España es una monarquía parlamentaria porque así lo estableció la Constitución de 1978 aprobada en referéndum. Esa es la legalidad. Pero seguimos teniendo una déficit de legalidad al menos histórica. La monarquía se instauró debido a que en 1978 no existía otra posibilidad: los militares, los generales franquistas, jamás hubieran aceptado una alternativa distinta a la del rey Juan Carlos: eran absolutamente fieles a lo dispuesto por el dictador. A los españoles de 1978 se les hurtó decidir si deseaban restaurar la monarquía o retomar una nueva legalidad republicana, heredera de la arrebatada el uno de abril de 1939 con el triunfo de los golpistas en la Guerra Civil. No fue posible en 1978 y casi cuarenta años después, habiendo abdicado el rey Juan Carlos y a punto de entrar en una zona de turbulencias políticas e institucionales que se auguran notables, nos topamos con que los actores políticos siguen sin considerar relevante plantear nada sobre el futuro de la monarquía, a pesar de que el Centro de Investigaciones Sociológicas, el gubernamental CIS, ofrece datos inquietantes, como lo es que el 20 por ciento de la población, los segmentos más jóvenes, no tienen ni la más mínima querencia hacia la fórmula monárquica ni hacia ninguna otra. Primero llega el desapego; después, la desafección y, finalmente, la demanda del cambio.

Volvamos a lo que nos ocupa: el rey, en visita oficial en Francia, no solo considera adecuado tributar un homenaje a los españoles republicanos, sino que los enaltece en presencia de la alcaldesa Hidalgo. Ahí es nada: la alcaldesa de París es de origen español. No parece muy osado discurrir que sus antecedentes familiares son nítidamente republicanos. ¿Tiene vedado el jefe del Estado ir un paso más allá? ¿Está impedido de proclamar en Madrid que los republicanos defendieron tanto en la Guerra de España como en la Segunda Guerra Mundial la democracia de la agresión nazi-fascista? Y si lo hace, ¿qué impide que se rescate a los muertos de las cunetas con el imprescindible apoyo gubernamental? ¿Es una locura demandar que el rey Felipe VI presida un acto de homenaje a Manuel Azaña, a quien también fue jefe del Estado muerto en el exilio? Tal parece que sí, que no hay forma de reconciliarnos con nuestra historia reciente. Es casi seguro que el rey, aconsejado por quien está modificando muchos de los atávicos comportamientos de la corona, que no es otra que la reina Letizia, que al final será quien salvaguardará la institución, no pondría ningún impedimento, sino que alentaría un reconocimiento oficial con todo a los republicanos, quien propugnaría que se acabe con el escarnio de las familias que siguen sin poder rescatar a sus muertos de las cunetas, en las que ya llevan casi ocho décadas, y presidiría encantado un sentido homenaje a su antecesor en la jefatura del Estado, aunque se trate de uno de los políticos españoles que más bregó por acabar con la monarquía de su bisabuelo, el rey Alfonso XIII.
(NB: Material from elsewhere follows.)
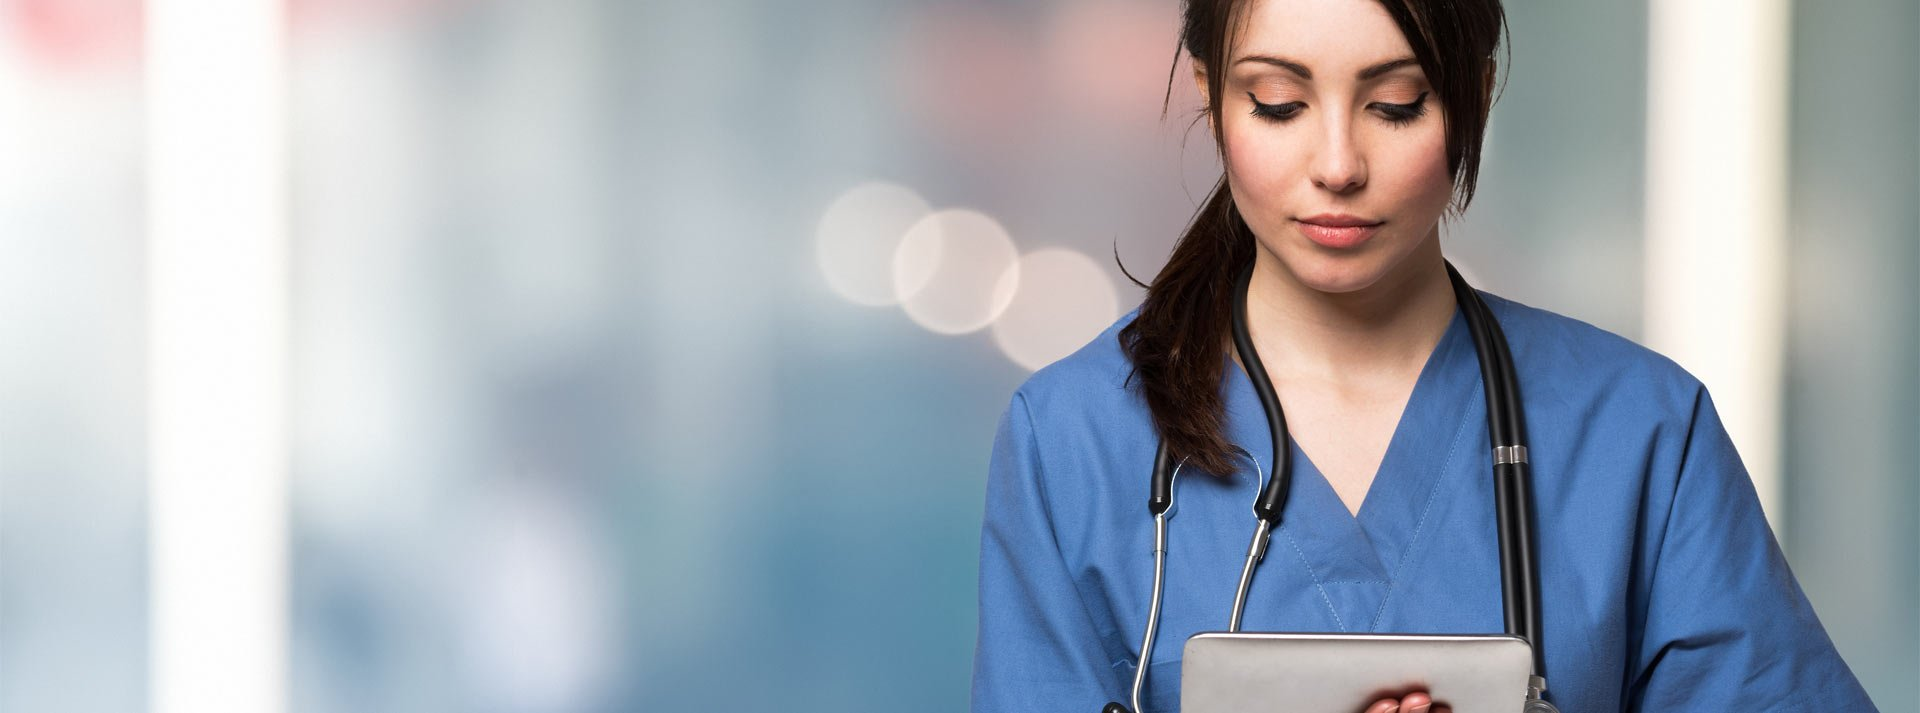 rn programs - registered nurse || registerednursing

Tal vez la estruendosa pitada del Nou Camp, al margen de la lamentable sobreactuación de la derecha y la ridícula, por innecesaria, comunicación socialista de respaldo al rey, sumado al obligado reconocimiento real a los republicanos que liberaron París sirvan para que se empiece a reconocer que aquí quedan algunas cuestiones por solventar, que se enteren, quienes se niegan a ver y oir nada, que las cuentas han de saldarse un día u otro. Lo del referéndum monarquía-república queda pendiente para oportunidad más propicia. 2016 está al caer.